Responses to these open-ended questions provided additional context for the data that were collected, allowing deeper insight into user experiences.
2. Results and Observations
Several conclusions can be drawn from the “clean” exit data.
First, there was significant use of this online tool. Over the data collection period, 1,162 new users (who made “clean exits”) engaged at least once with the Form 8 Guided Pathway. Actual users over this time period would have been an even higher number, given, as explained above, that the data collected did not include anyone who failed to make the standard exit from the Pathway.
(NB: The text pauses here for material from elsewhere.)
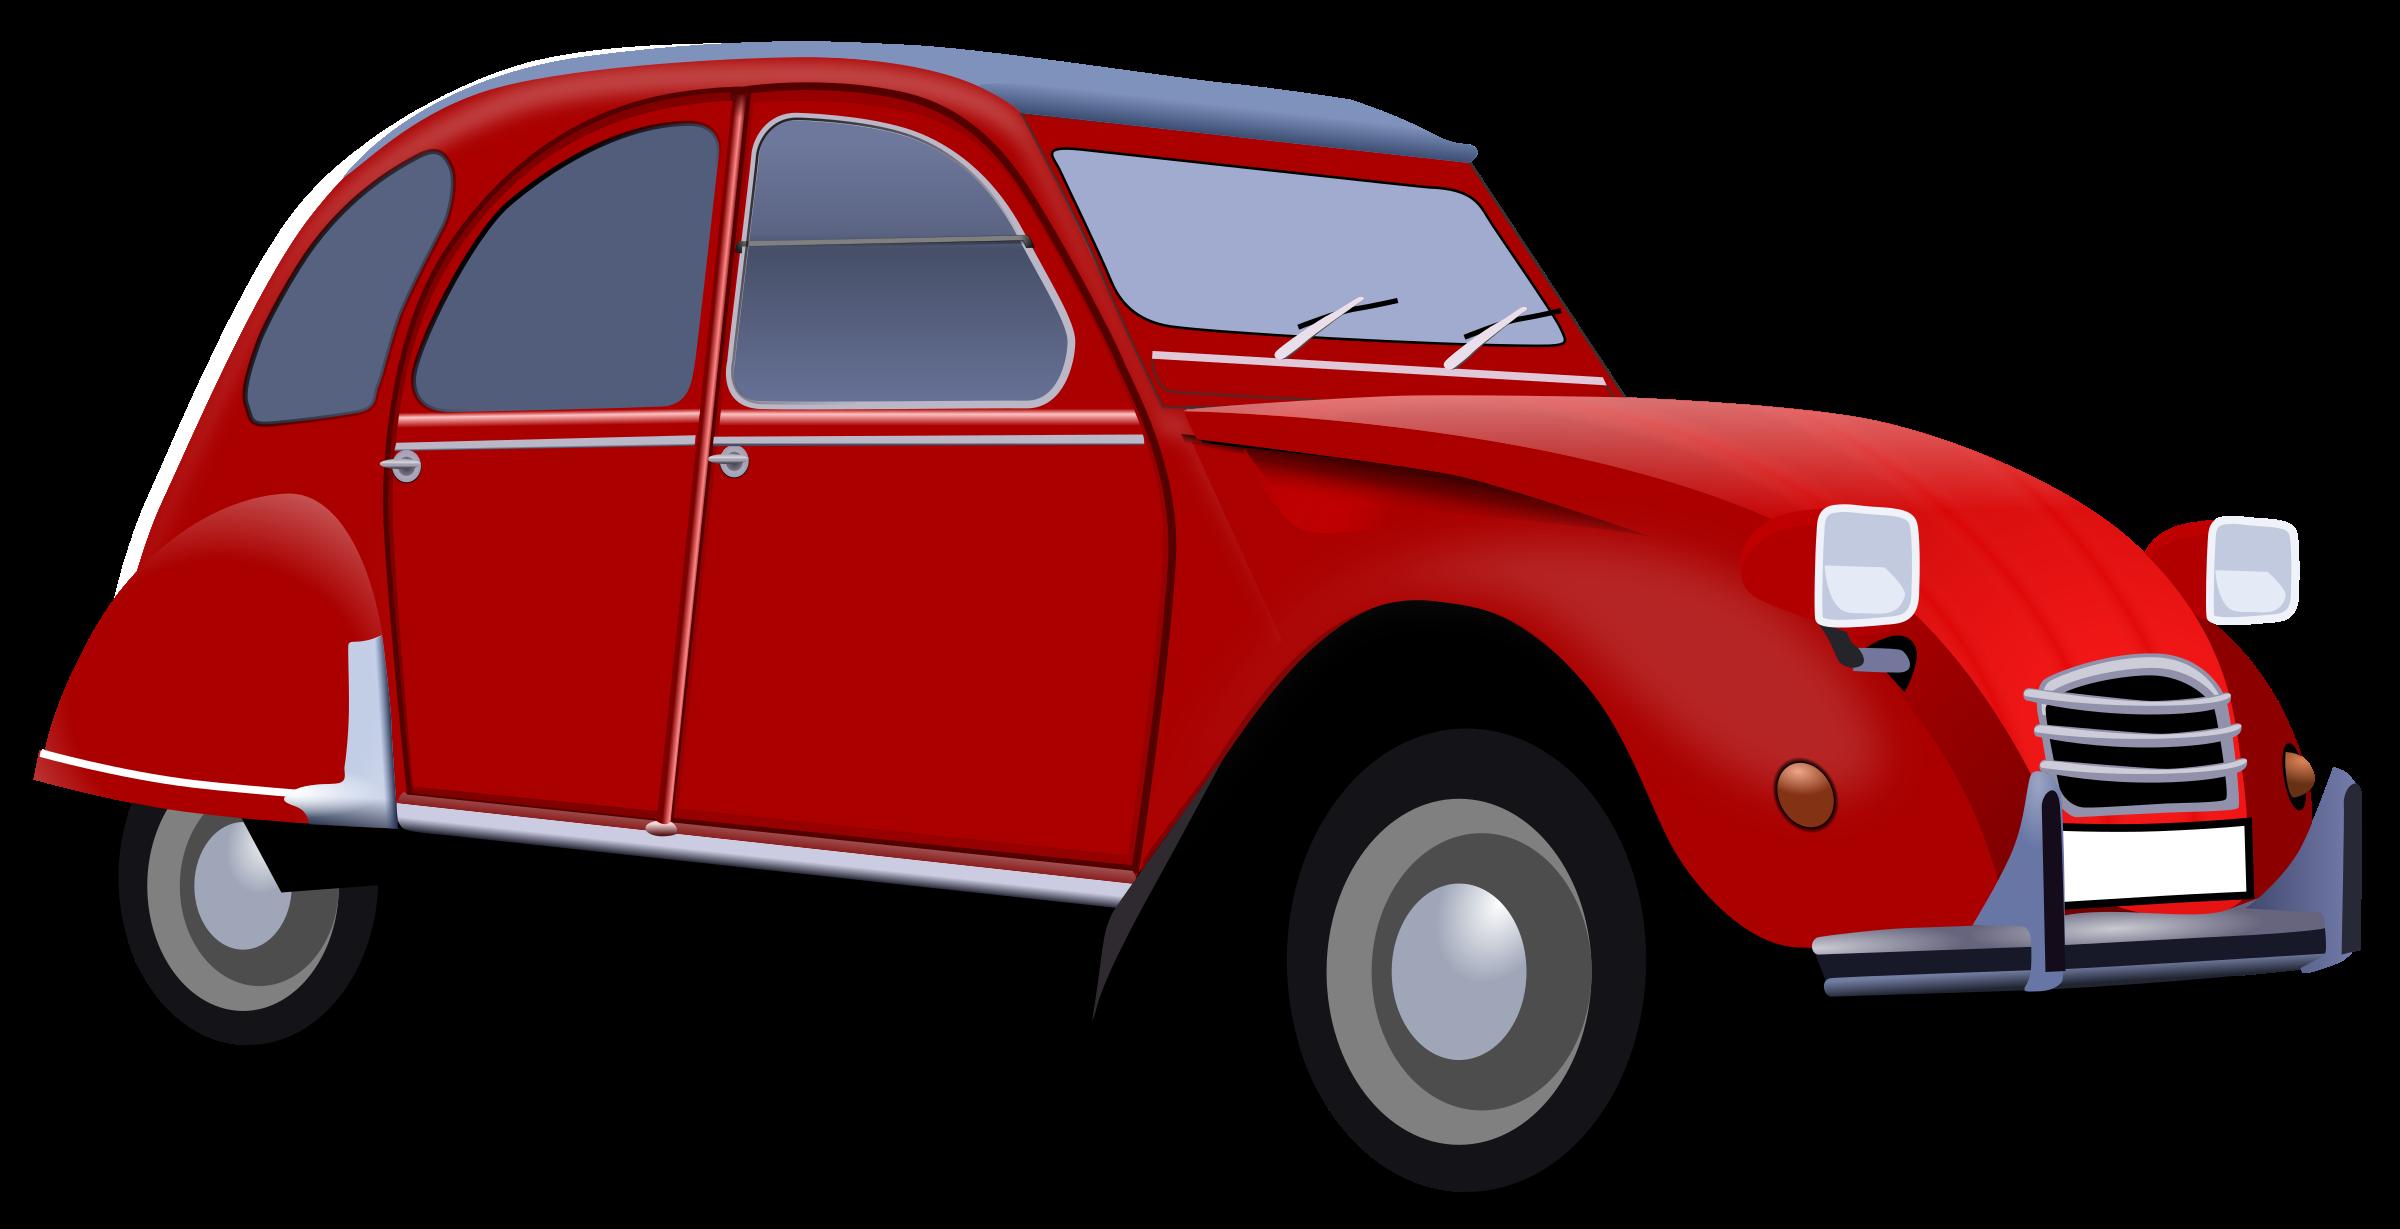 Futuristic car clipart svg download Clipart - 2cv4 Automobile Car svg download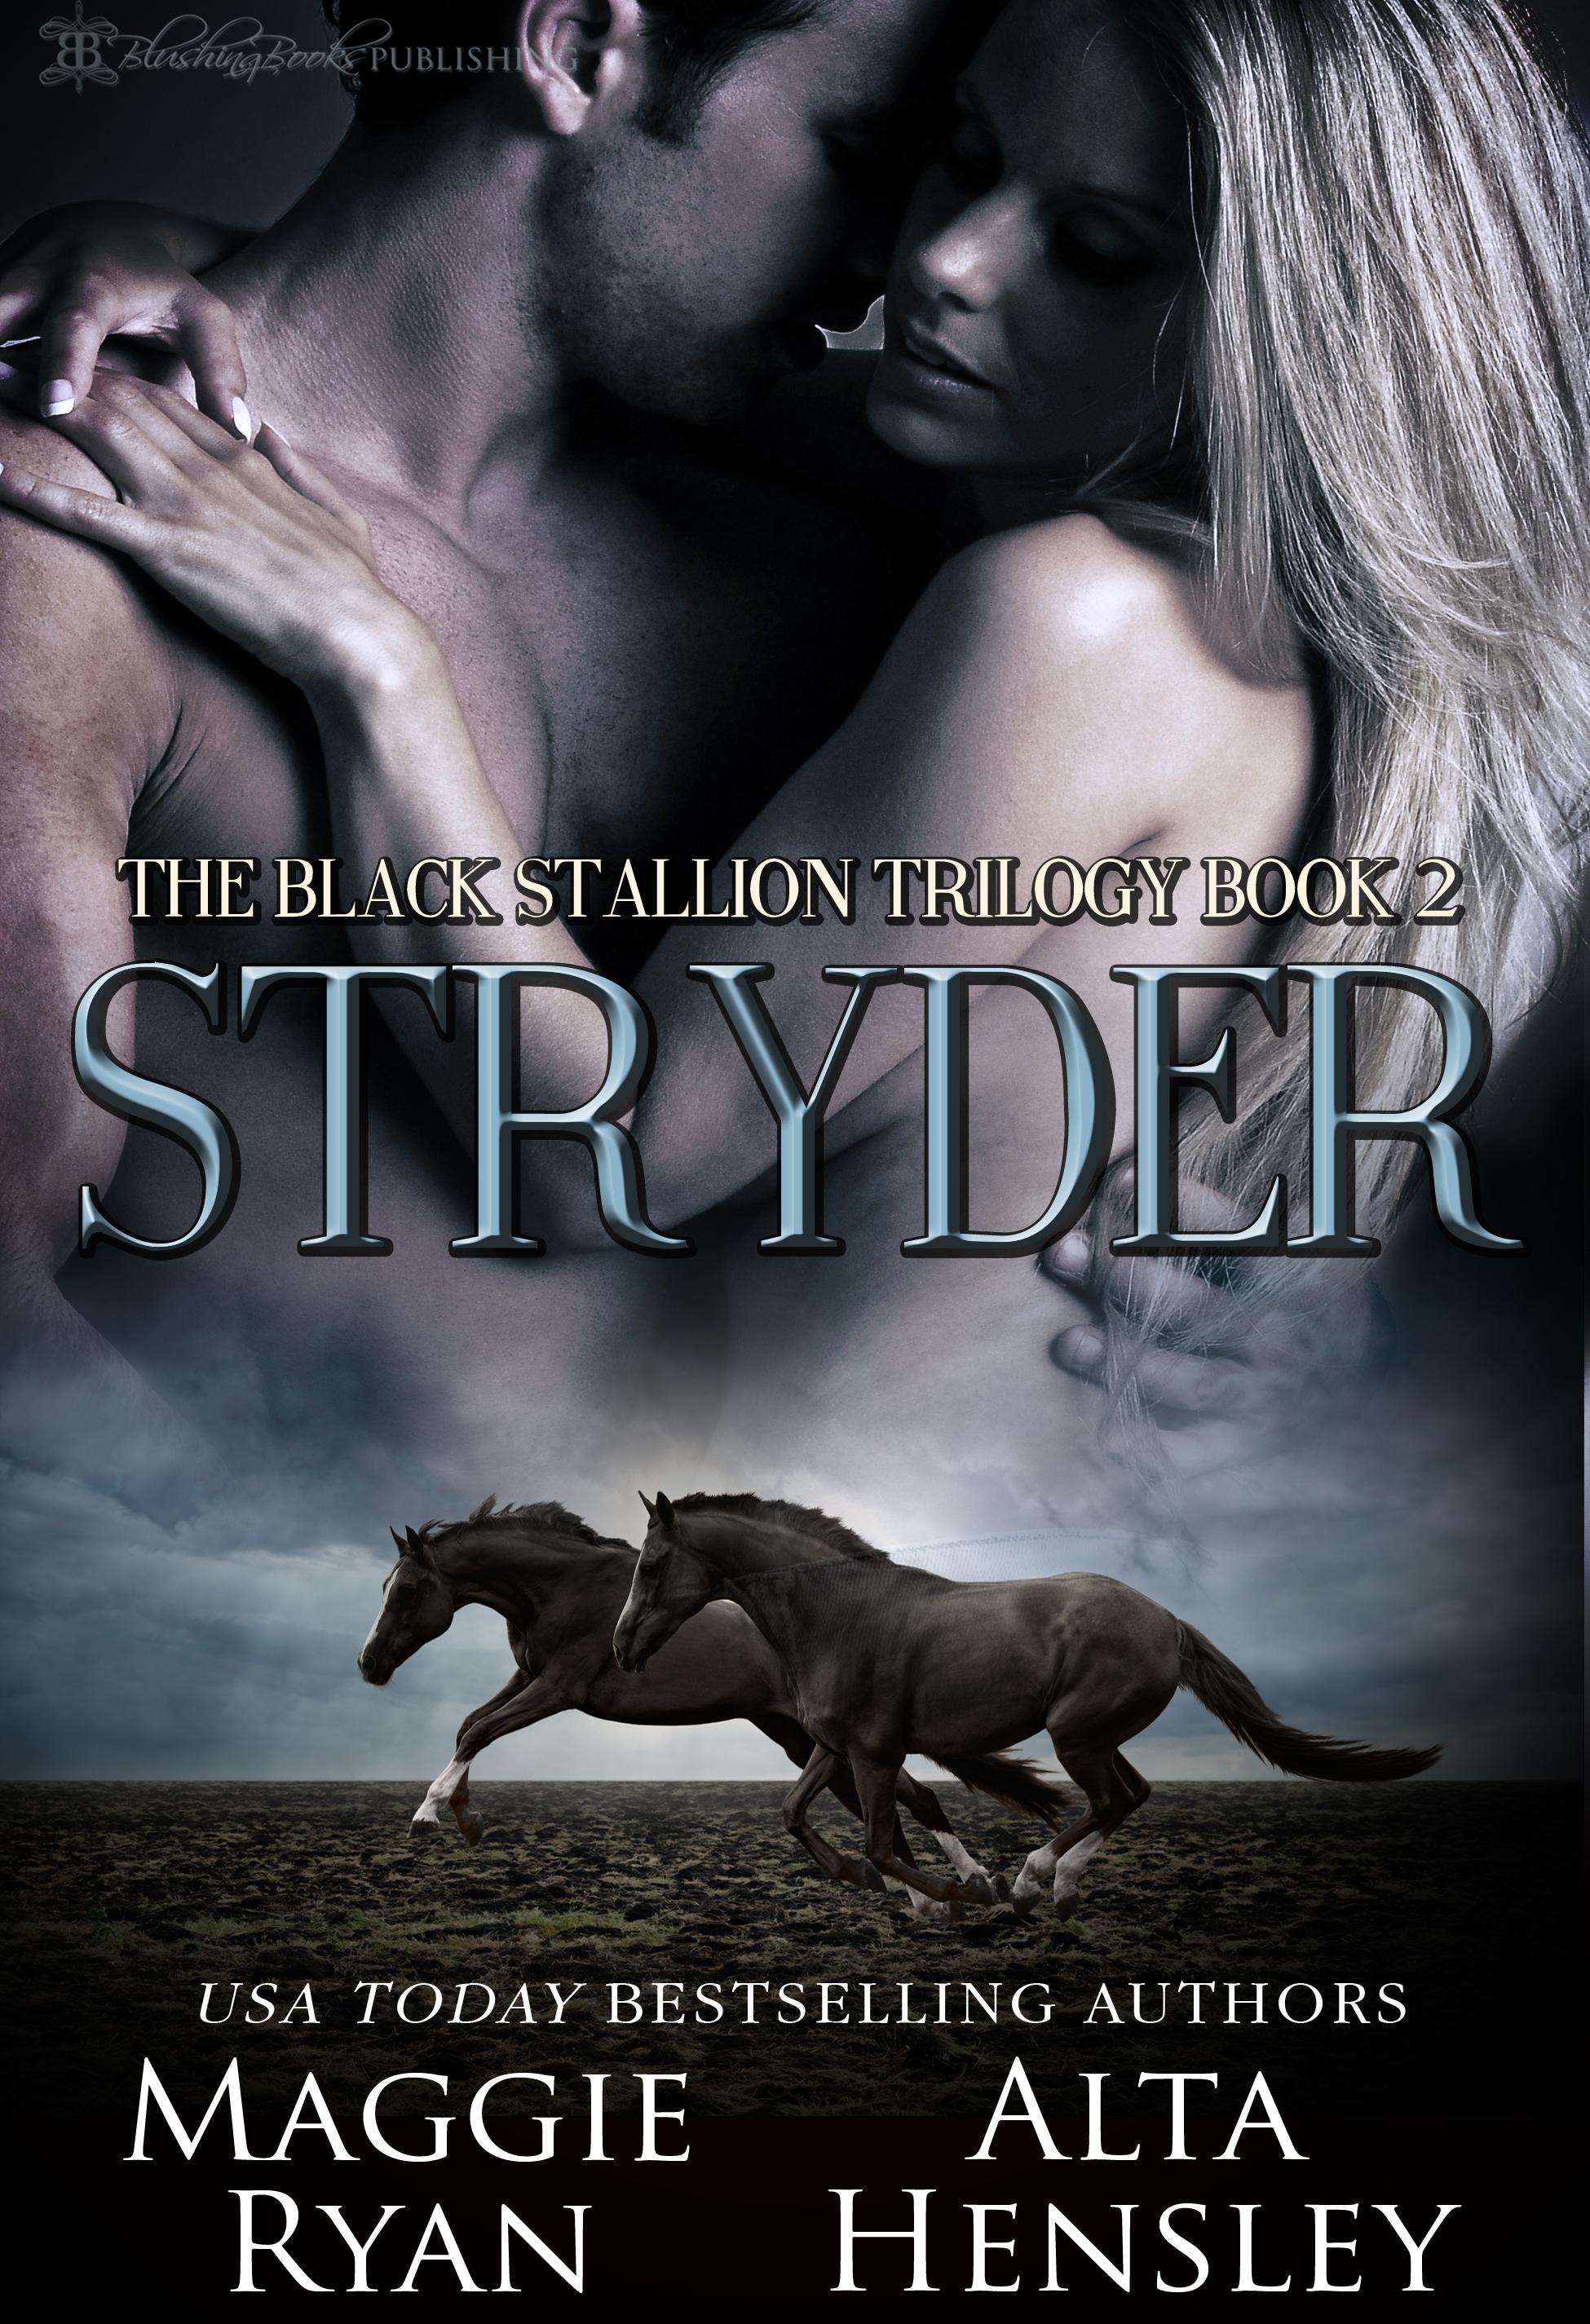 Stryder by Alta Hensley, Maggie Ryan

Second, there was province-wide use of the tool. The majority of users (75%, or 871) identified their region as being Ontario, with slightly over half (52.1%, 454) from the Central Ontario region (Central East, Central South, or Central West), 16.2 percent (141) from the Eastern region, 9.1 percent (79) from the Northern Ontario region (Northeast, Northwest), 14.7 percent (128) from the Southwest region, and 7.9 percent (69) from the Toronto region.
Third, the tool appeared to be relatively easy for many to use. A surprisingly large proportion of users who made “clean” exits (927, or 79.8%) completed the form and most of those who completed the form (607) did so in only one session (i.e., they did not leave the system, save their work, and return to do more work later).Footnote 37 Although we cannot determine the proportion of total users that this represents, the fact that hundreds of users were able to navigate the system with apparent ease is positive.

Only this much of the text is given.